Но где они, дозволенные и желанные?
Ой-е-йо-оо…
Остались в пылающем Дгахойемаро!
Вот почему, оказавшись ненароком близ круглого дома, нет-нет, да дрогнет ноздрями молодой воин, и хоть сам пройдет, храня гримасу невозмутимого достоинства, но бестолковый иолд сам собою отклонится в сторону невысокого входа…
Восстань ныне кто-то из первопредков, дабы силой своей поддержать потомство свое, он, несомненно, удивился бы: почему рядом с нгуаби, предводителем воинов, не видно Верховного Вождя? А затем умер бы вновь, узнав, что Вождь – женщина.
Со времен Сотворения не бывало такого.
Но непобедимый Дъямбъ'я г'ге Нхузи кроил законы Тверди без оглядки на Высь…
Исступленно мечтавший о наследнике-сыне, он, почуяв дуновение смертного вихря, велел старейшинам и жрецам присягнуть разбухшему животу младшей жены, и воли его хватило на то, чтобы остающиеся жить подчинились уже почти неживому, рисом и кровью присягнув на верность еще не рожденному Вождю.

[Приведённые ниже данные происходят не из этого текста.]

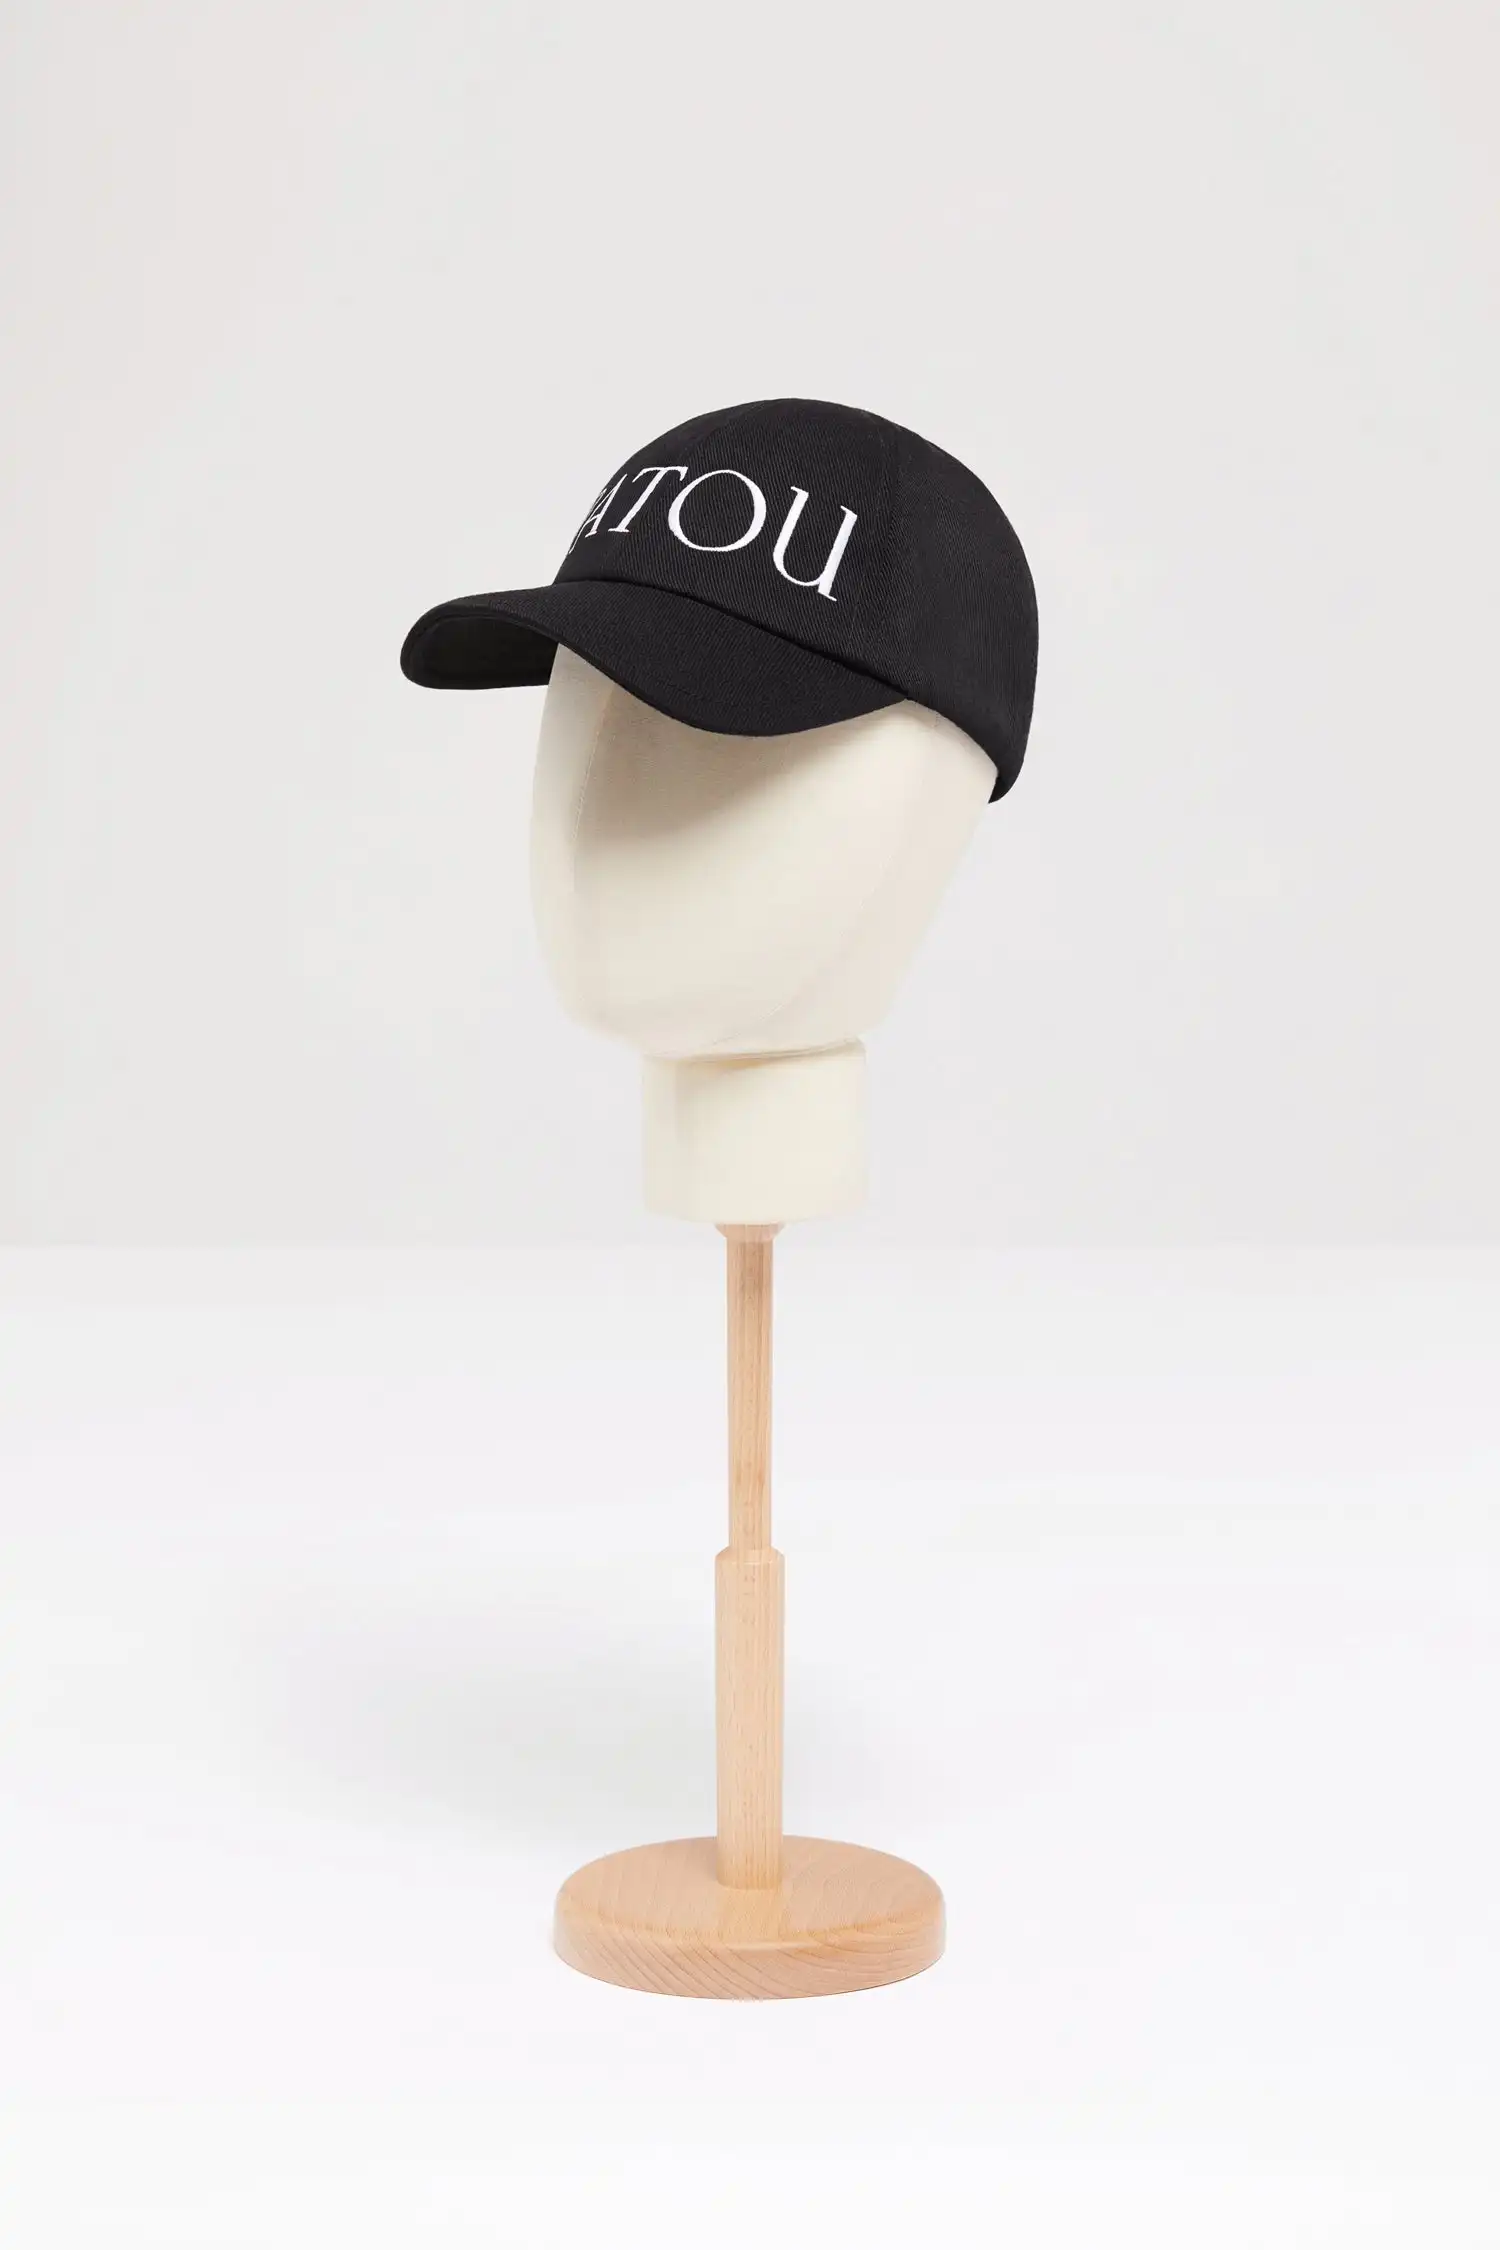 Япония Горячие продажи Элитный бренд Вышитая Бейсболка Женщины Мужчины Всесезонные Шляпы С Изогнутыми Полями Унисекс Спортивная Шляпа На Открытом Воздухе Солнцезащитный Козырек Изображение 1

Немыслимо преступить такую клятву.
И когда повитуха, обмыв, вынесла к собравшимся на площади тоненько попискивающий сверток, благородные люди дгаа пали ниц, признавая власть Гдламини т'та Тьянги Нзинга М'Панди Н'гулла йа-йа Дъямбъ'я г'ге Нхузи…
Девочки Гдлами.
И – ничего не случилось!
Не дрогнула Твердь, не рассекли Высь слепящие къяххи; печень жертвенного оола сулила благоденствие, гром барабана был звучен и раскатист, а дым высокого праздничного костра вознесся над сельвой прямее копья.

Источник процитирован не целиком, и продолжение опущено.